- Exercise objective -
A verbatim reproduction of the lines below, from the line containing "Cellblock 13 Sports" through the line containing "Moderno quadrato bianco", both ends included, is the whole required output.

::: The records :::

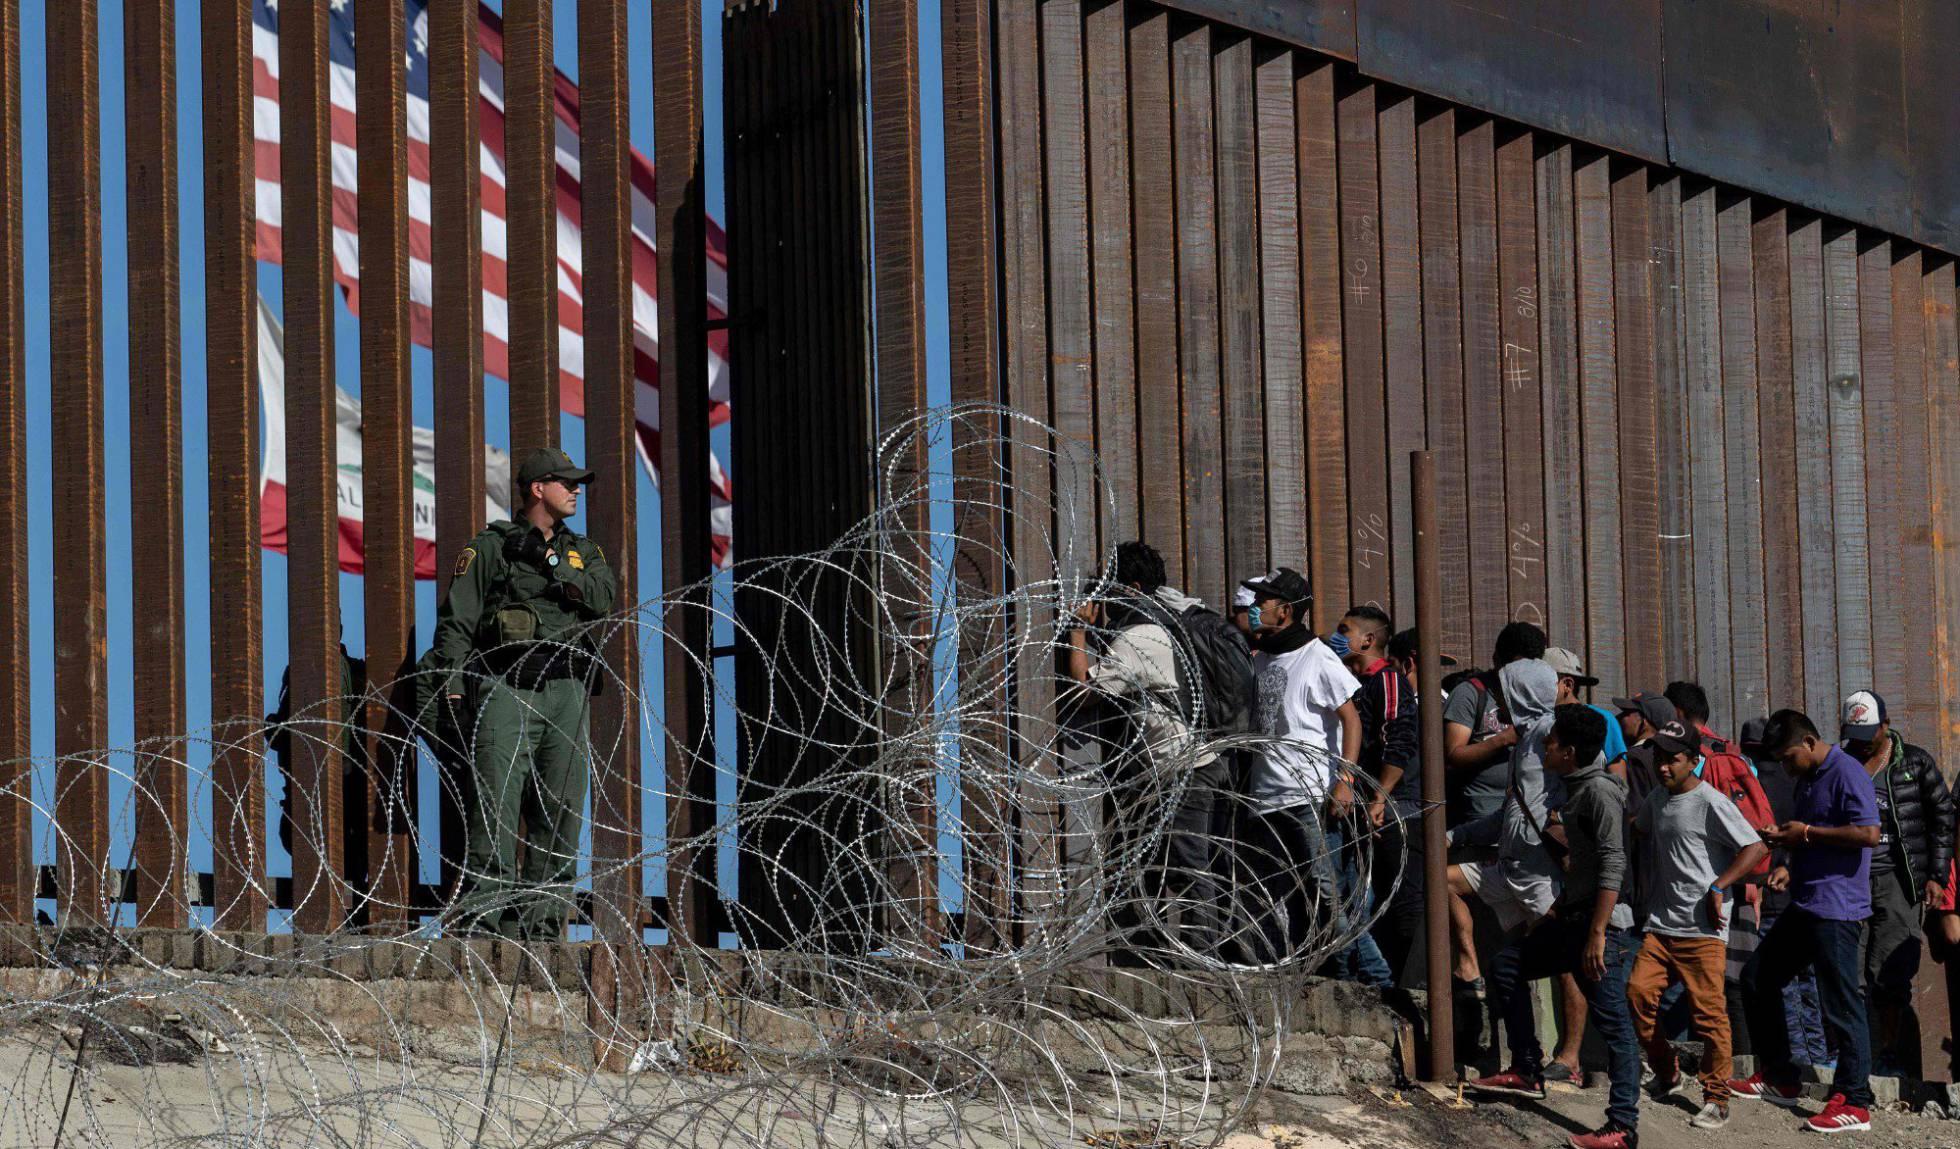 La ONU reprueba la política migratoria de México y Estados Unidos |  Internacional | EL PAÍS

:::
::: The records :::

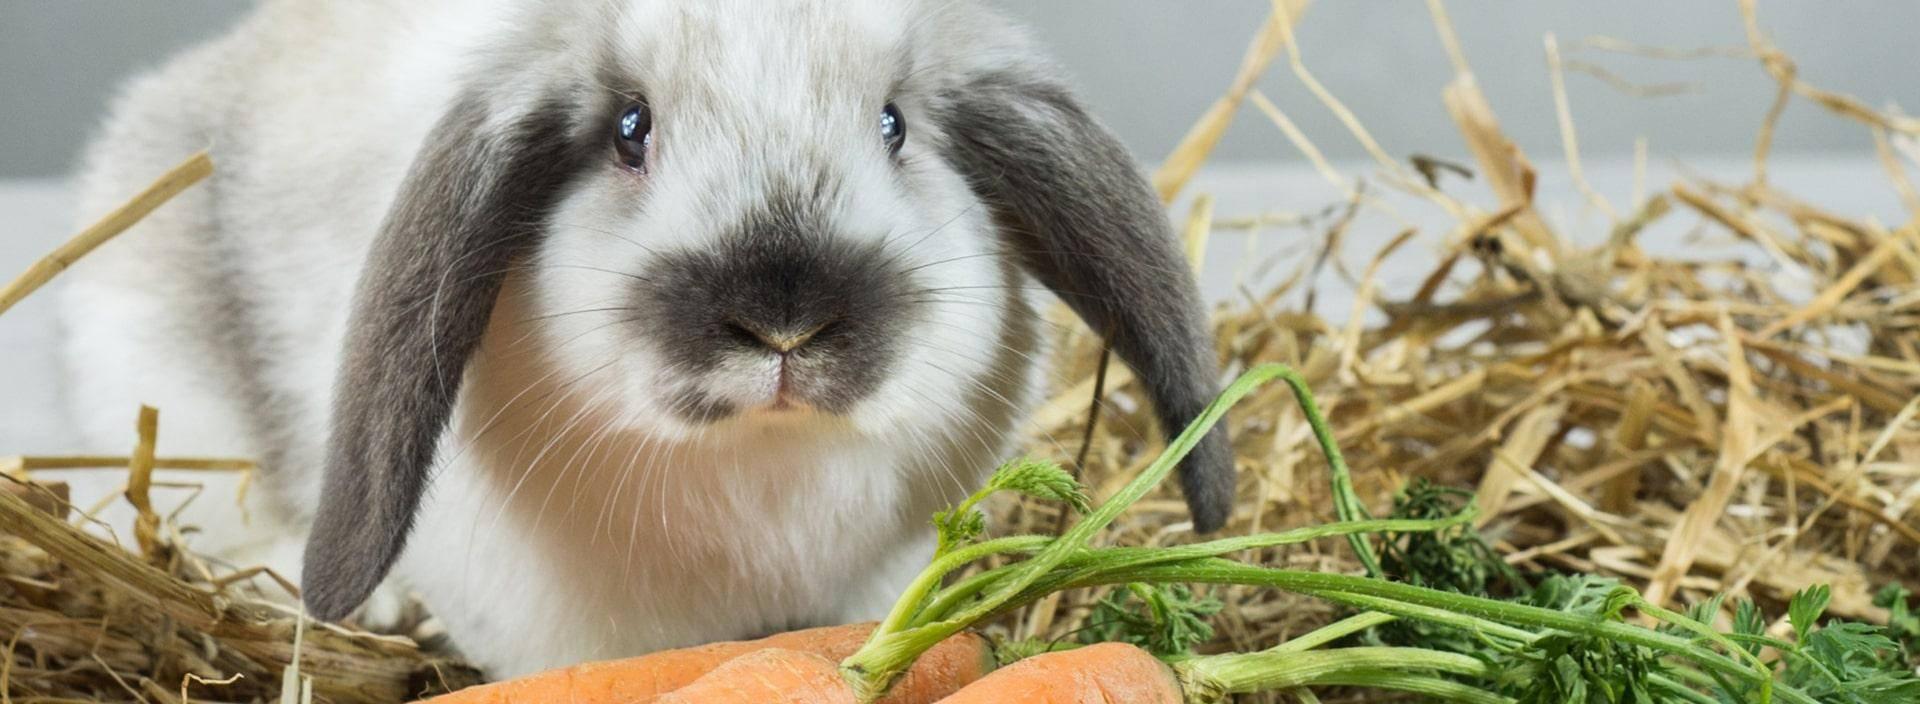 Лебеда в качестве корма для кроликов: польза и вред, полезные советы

:::
::: The records :::

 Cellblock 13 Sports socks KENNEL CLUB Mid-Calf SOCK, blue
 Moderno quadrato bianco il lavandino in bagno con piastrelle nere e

:::

- Response box -
 Cellblock 13 Sports socks KENNEL CLUB Mid-Calf SOCK, blue
 Moderno quadrato bianco il lavandino in bagno con piastrelle nere e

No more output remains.